The only thing I don't [understand] is the last part where it's given as "One may thus equate numerators with numerators and denominators with denominators, giving Euclid's formula"
It uses unique fractionization $\Rightarrow$ uniqueness of reduced fractions (with denominators $> 0),\,$ i.e.
$\qquad\qquad \begin{align}\gcd(\color{#c00}{c,b})=1\\ \gcd(j,k)= 1\end{align}$, $\ \ \dfrac{c}b = \dfrac{j}k\ \Rightarrow\ \begin{align} c&\,=\,j\\ b &\,=\, k\end{align},\ \ \ {\rm for}\ \ b,c,j,k\in \Bbb Z,\ b,k > 0$
Follow the link for a simple proof using Euclid's Lemma (hint: $\,j = ck/b\,\Rightarrow\,\color{#c00}{b\mid c}\,k\,\Rightarrow\,b\mid k)$
Remark $ $ A more conceptual way to derive this parametrization of Pythagorean triples is to employ arithmetic of Gaussian integers $\,\Bbb Z[i] = \{ a + b\,i\,: a,b\in\Bbb Z\}$. Like integers they enjoy (Euclidean) division (with smaller remainder) and this implies they too satisfy the analog of the Fundamental Theorem of Arithmetic = existence and uniqueness of factorization into primes (= irreducibles).

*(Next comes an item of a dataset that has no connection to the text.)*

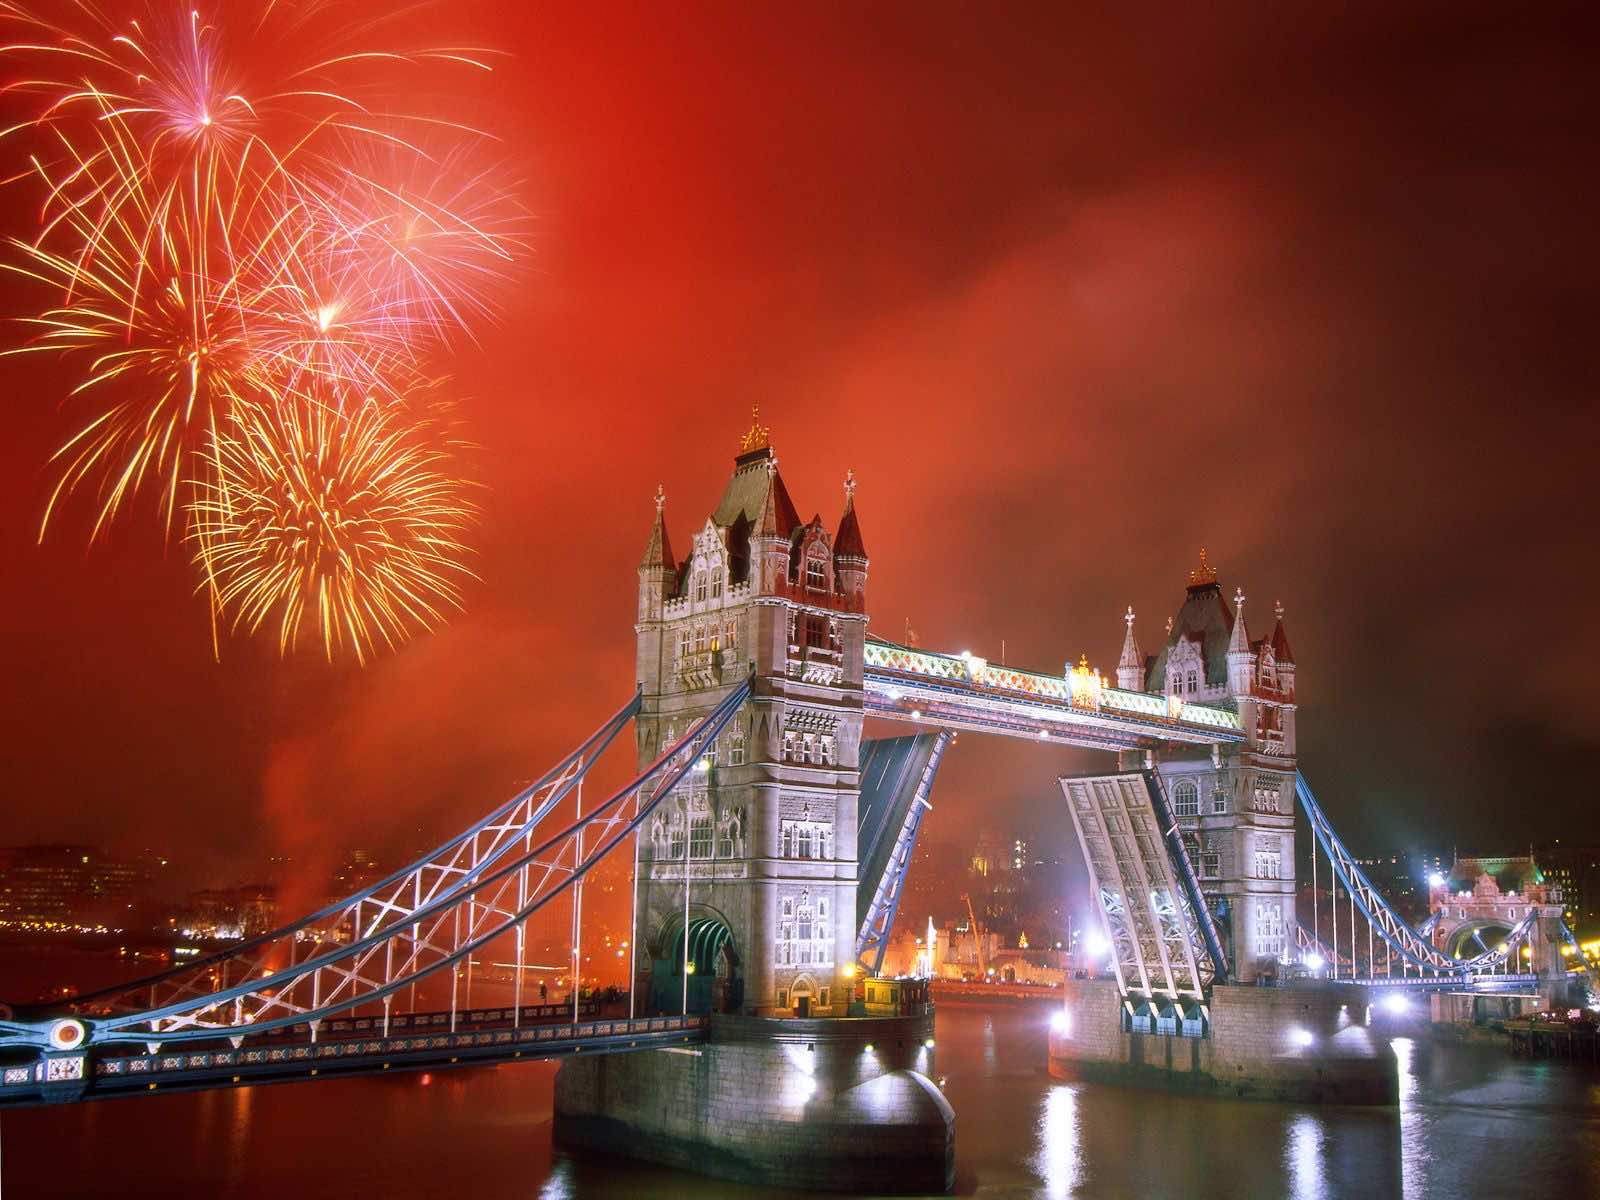 HD UK Wallpapers Depict The beautiful Images Of British ...
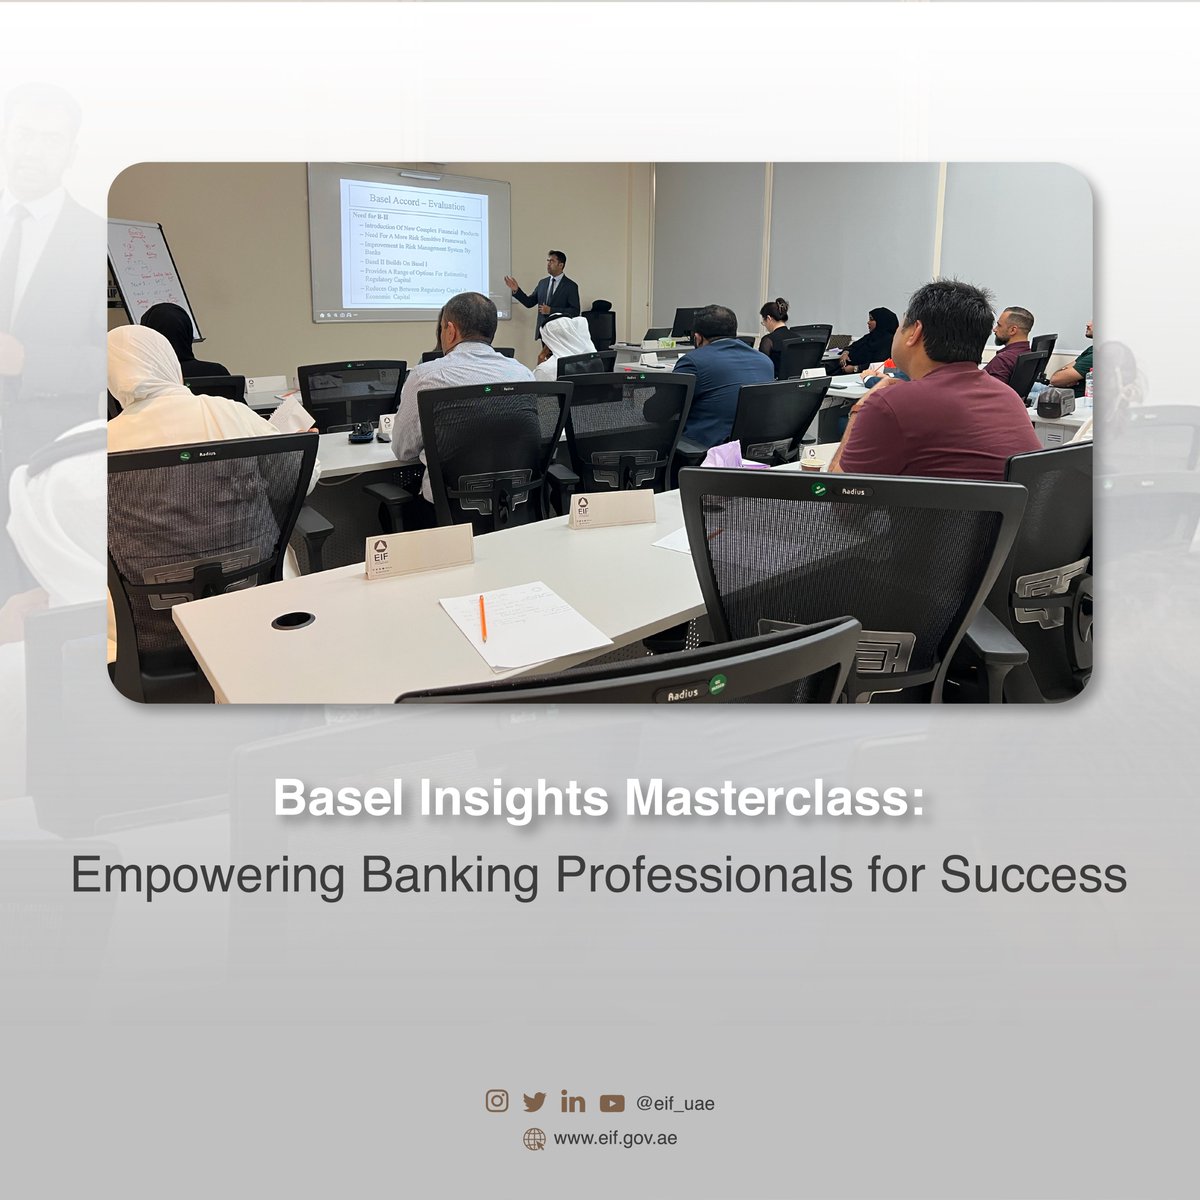 Witness the impactful moments from the Basel Insights Masterclass as EIF leads the way towards a future of financial excellence.  #EIF #FinanceLeaders #BaselInsightsMasterclass

This implies that coprime factors of a square must themselves be squares (up to unit factors $\,\pm1,\pm i)$
Thus if $\ z^2 = x^2 + y^2 = (x-y\,i) (x+ y\,i) $ and $\,x,y\,$ are coprime then one easily checks that $\,x-y\,i,\,x+y\,i\,$ are coprime, so being coprime factors of the square $\,z^2$ they must themselves be squares (up to a unit factor). Thus e.g. $\ x + y\ i\, =\, (m + n\ i)^2 =\ m^2 - n^2 + 2mn\, i,\,$ hence $\,x = m^2-n^2,\ y = 2mn\,$ (using the unit factor $1$; using the other unit factors $\, -1,\pm i\,$ merely changes signs or swaps $\,x,y\,$ values). Notice how very simple the solution is from this perspective.
This is a simple prototypical (arithmetical) example of the simplification that results from the transformation of nonlinear problems into linear problems by working in larger algebraic extension rings. See here for some further discussion of such.
Best Answer
As stated in the Wikipedia article, the set of ALL pythagorean triples $(a,b,c)$ is given by: $$ a = k(m^2 - n^2) \;;\quad b = k(2mn) \;;\quad c = k(m^2 + n^2) \tag{1} $$ where $m, n, k$ range over the positive integers, $m - n$ is odd, $m > n$, and $m,n$ are relatively prime. You can also switch $a$ and $b$ above, if you like, to get all triples where order of (a,b) matters. So anyway, to answer your questions:
Yes, there are infinitely many pythagorean triples. The easy way to show this is to take one triple, say $3, 4, 5$, and take all multiples of it. That corresponds to letting $k$ range over all integers in (1). But there infinitely many primitive triples, too (ones that aren't just multiples of a smaller triple); this is because there are infinitely many pairs $m, n$ with $m - n$ odd, $m > n$, and $m, n$ relatively prime.
For any integer multiple of four $l$, you can certainly write it as $l = 2mn$ with $m,n$ relatively prime, $m - n$ odd. For an odd integer $l \ge 3$, note that it is the difference between consecutive squares, so take $m = n+1$, where $l = (n+1)^2 - n^2 = 2n+1$. For an even integer $l \ge 6$ that is not a multiple of four, it won't be part of a primitive triple, but it will be part of a triple--just find a triple for $\frac{l}{2}$, and then multiply each term by $2$.
In summary:
There are infinitely many pythagorean triples.
There are also infinitely many primitive pythagorean triples.
Every positive integer $\ge 3$ is part of a pythagorean triple.
Every positive integer $\ge 3$ that is not congruent to $2$ mod $4$ is part of a primitive pythagorean triple.
$1$ and $2$ are not part of any pythagorean triples, though they would be part of $0, 1, 1$ and $0, 2, 2$ if we allowed these trivial cases.
P.S. You may also be interested in the infinite tree of primitive pythagorean triples.